In a one-on-one competition priority can be declared by the Head Judge. Once the person with priority has paddled for a wave priority is then turned over to the next person until that person does the same. The person with second priority can paddles for waves as long as it does not interfere with the other person and will only lose their priority if they catch a wave.

A surfer who has already taken off or obtained possession of a wave maintains this position until the end of their ride. If another surfer takes off on the inside of this surfer then this person does not obtain priority and is considered to be snaking. If this surfer does not hurt the other surfers ride then both people can be scored based. If the judges determine that the snaking did interfere then the person will be penalized.
Interference penalties are called by the judges and must have a majority to be declared an actual penalty.

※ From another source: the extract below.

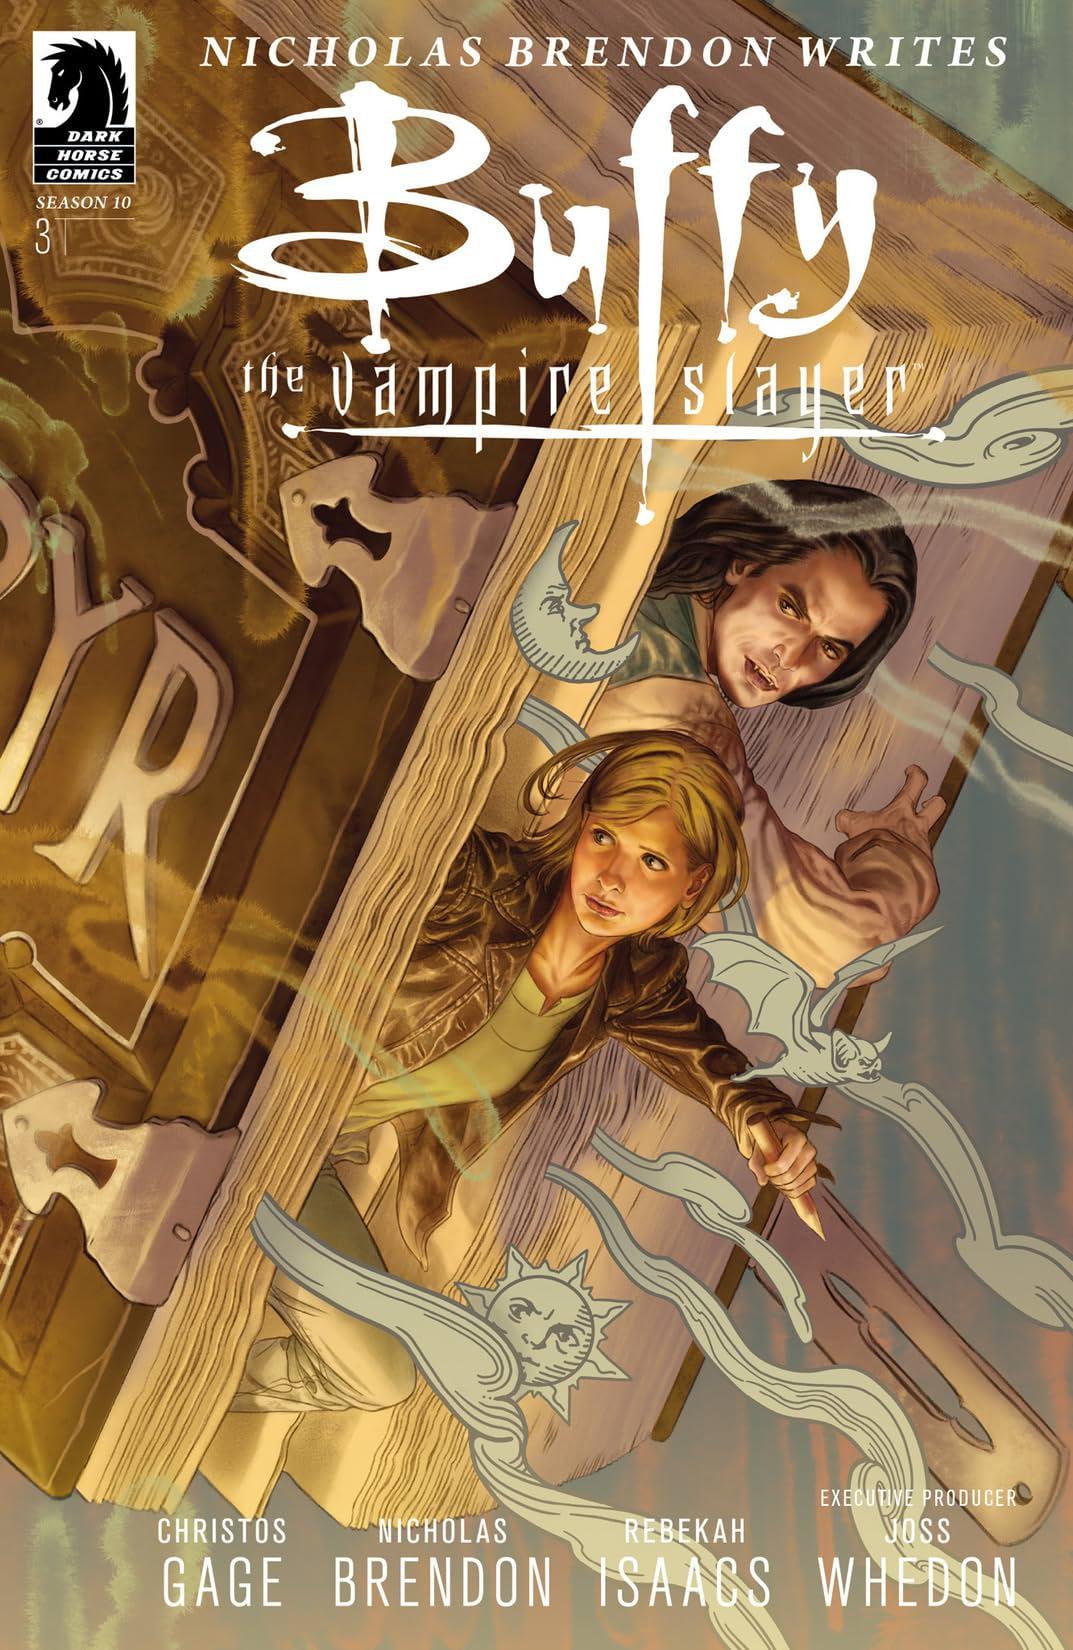 Buffy the Vampire Slayer: Season 10 #3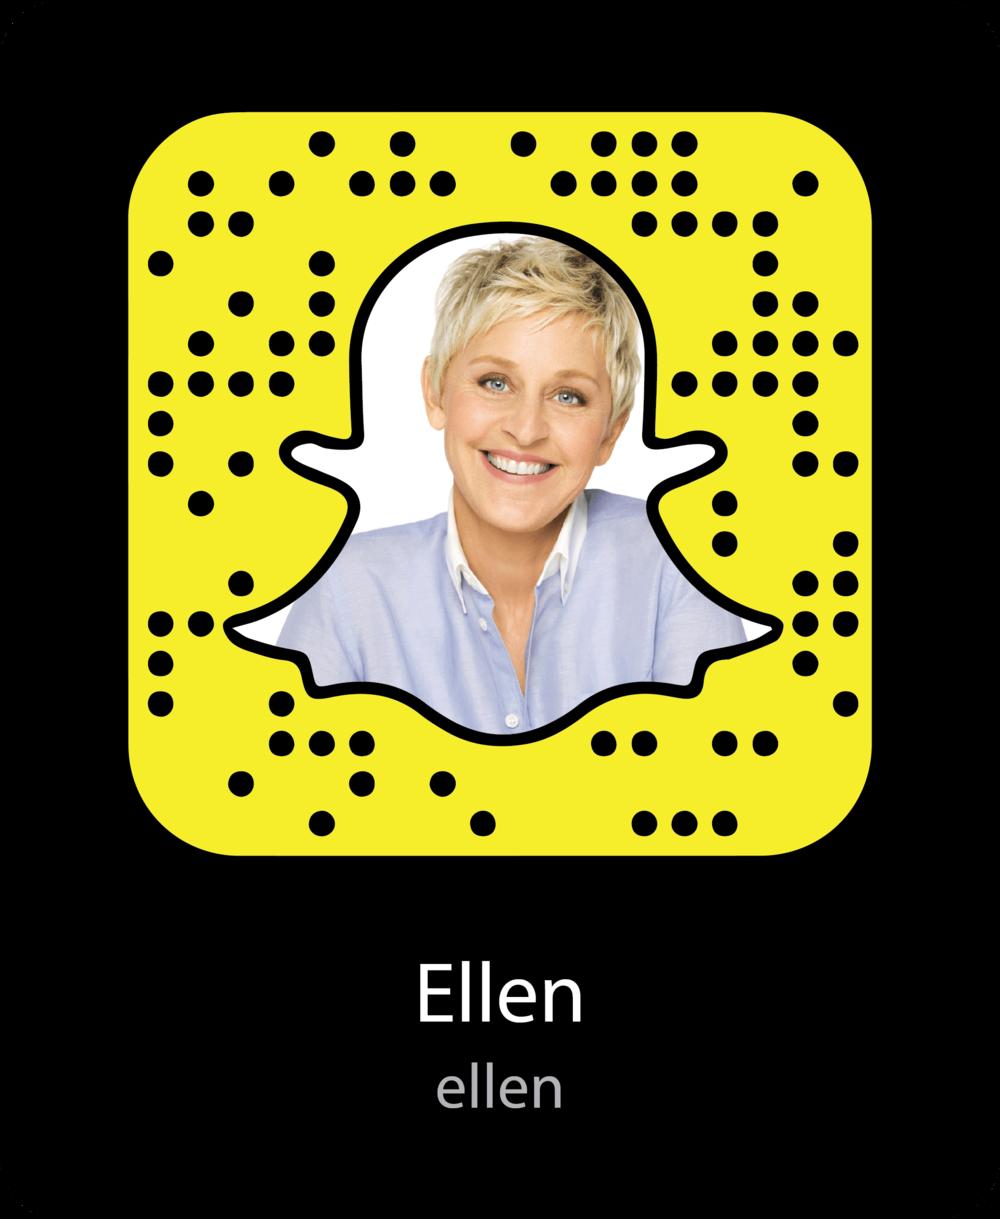 ellen-celebrity-snapchat-snapcode

Interferences are shown as triangles on the score cards in various different ways depending on when or where in the heat they were made. If three or more waves are being scored then one wave will be dropped off the score card. If only the top two waves are being scored then 50% of the second best scored wave will be taken off. If a surfer has more than one then 50% of the best waves score will be taken off also. The surfer who has been interfered with will be allowed an additional wave to their maximum as long as it is within the time limit. If a surfer interferes more than twice in a heat then they must leave the competition area.